Intentionally claustrophobic and tightly wound, Vasilis Katsoupis’ Inside places an exceptional Willem Dafoe in the middle of a unique situation and lets him do what he does best: be weird and entertaining.
Dafoe stars as Nemo, a meticulous art thief who breaks into a New York penthouse for his latest heist. While everything seems to go according to plan, an alarm is triggered and Nemo is locked inside. With the owner out of town and the police not alerted to his presence, Nemo looks for every possible way to get out of the apartment.
What starts as an attempt to escape, evolves into attempting to survive. With dwindling food, very little water, no plumbing, and no outside communication, Nemo must utilize all his wits and skills to stay alive and make it out alive.

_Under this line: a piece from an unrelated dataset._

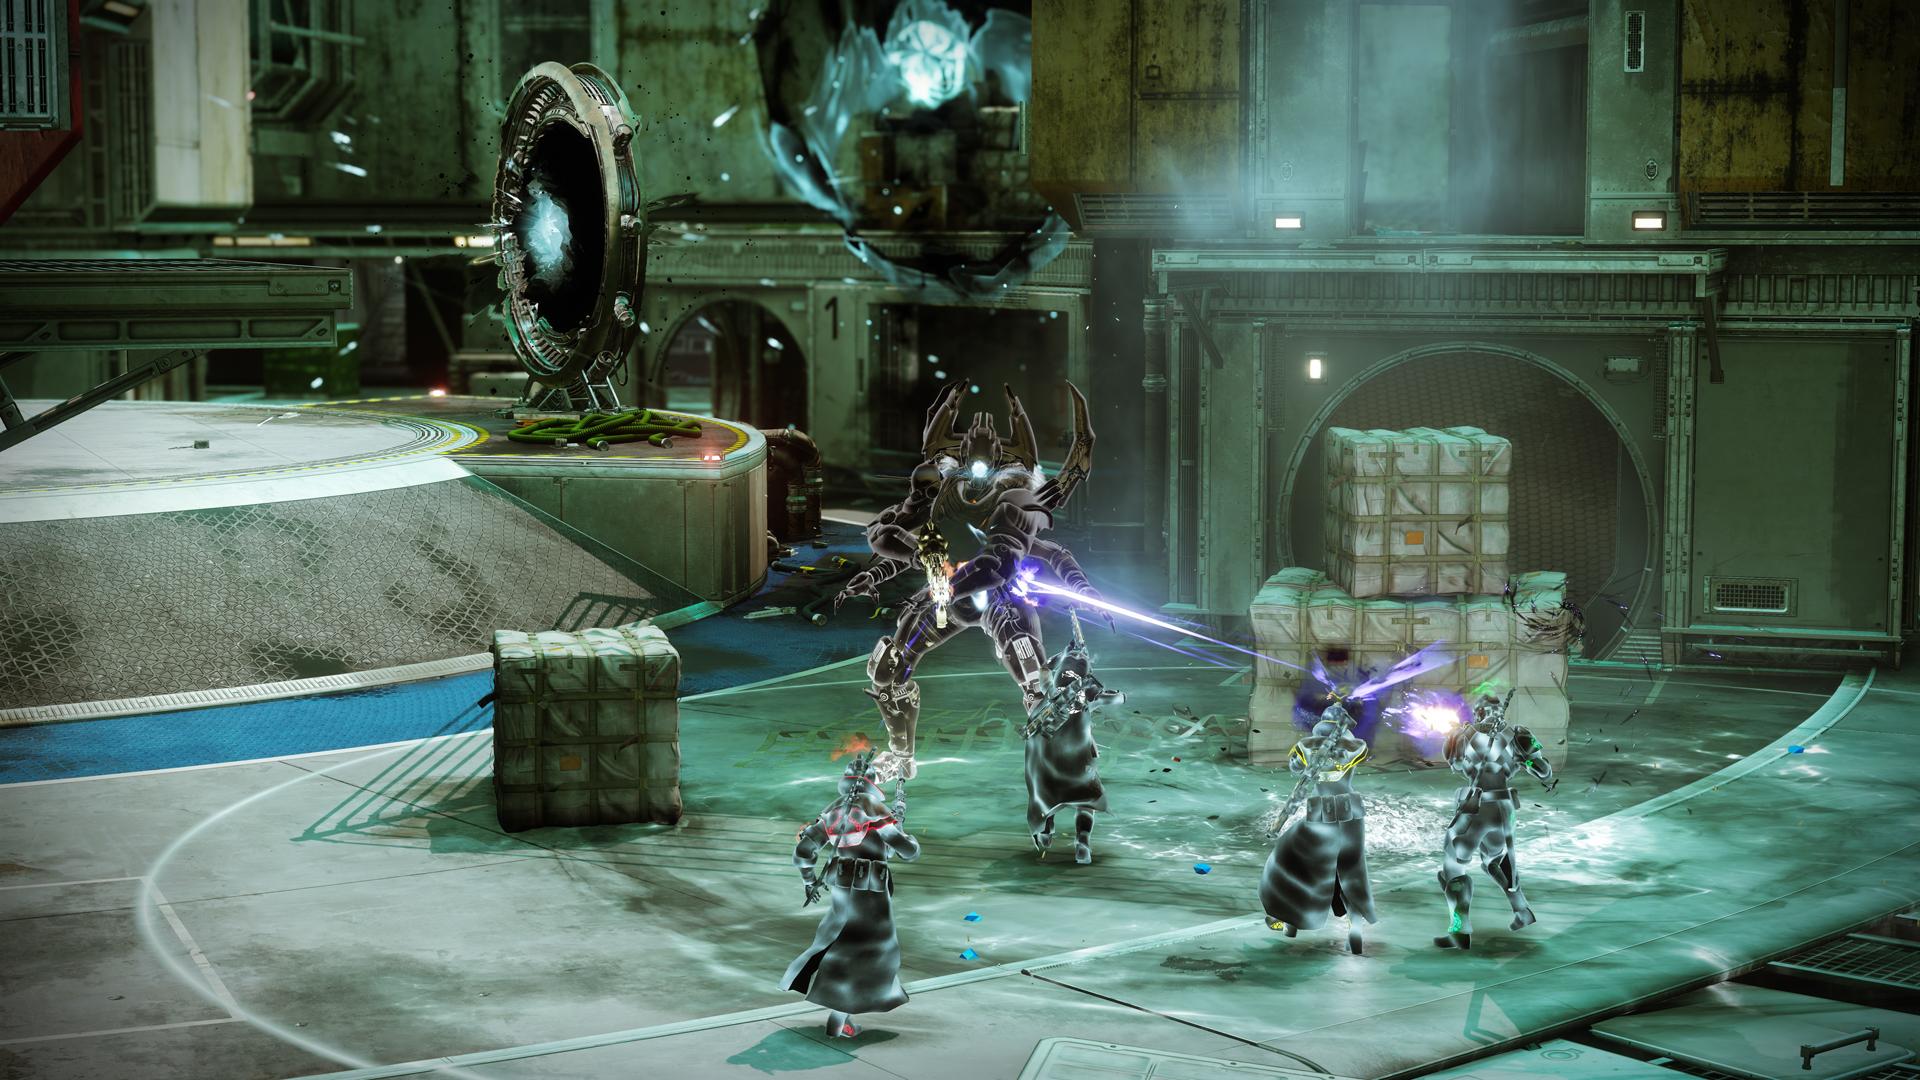 Top Five How To Reset Infamy Rank Gambit Destiny 2 - Circus

Many other films have attempted their versions of COVID-forced filmmaking. Some utilize a limited setting to their advantage (Good Luck to You, Leo Grande), some use it as an excuse to try something new (Family Squares), while others use the new environment to enhance the story (Kimi). With Inside, the limitations give the filmmakers a great excuse to have Dafoe work alone and be interesting. The film never feels like a COVID movie, but rather a wholly unique experience that would have been fascinating even if the pandemic never happened.
Katsoupis is an assured first-time director. Instead of following Dafoe around the apartment and passively viewing his actions, the camera is like a second character. The camera lingers around corners and anticipates potential escape routes, while also foreseeing further barriers blocking Nemo from his freedom. Art and the immortality of artwork play a major role in Nemo’s plight. While he initially chooses this apartment for a single valuable painting (which he couldn’t locate), the other art stares him down as he spends his days plotting his escape. Each piece of art has a history which Nemo can appreciate, but he also grows to hate.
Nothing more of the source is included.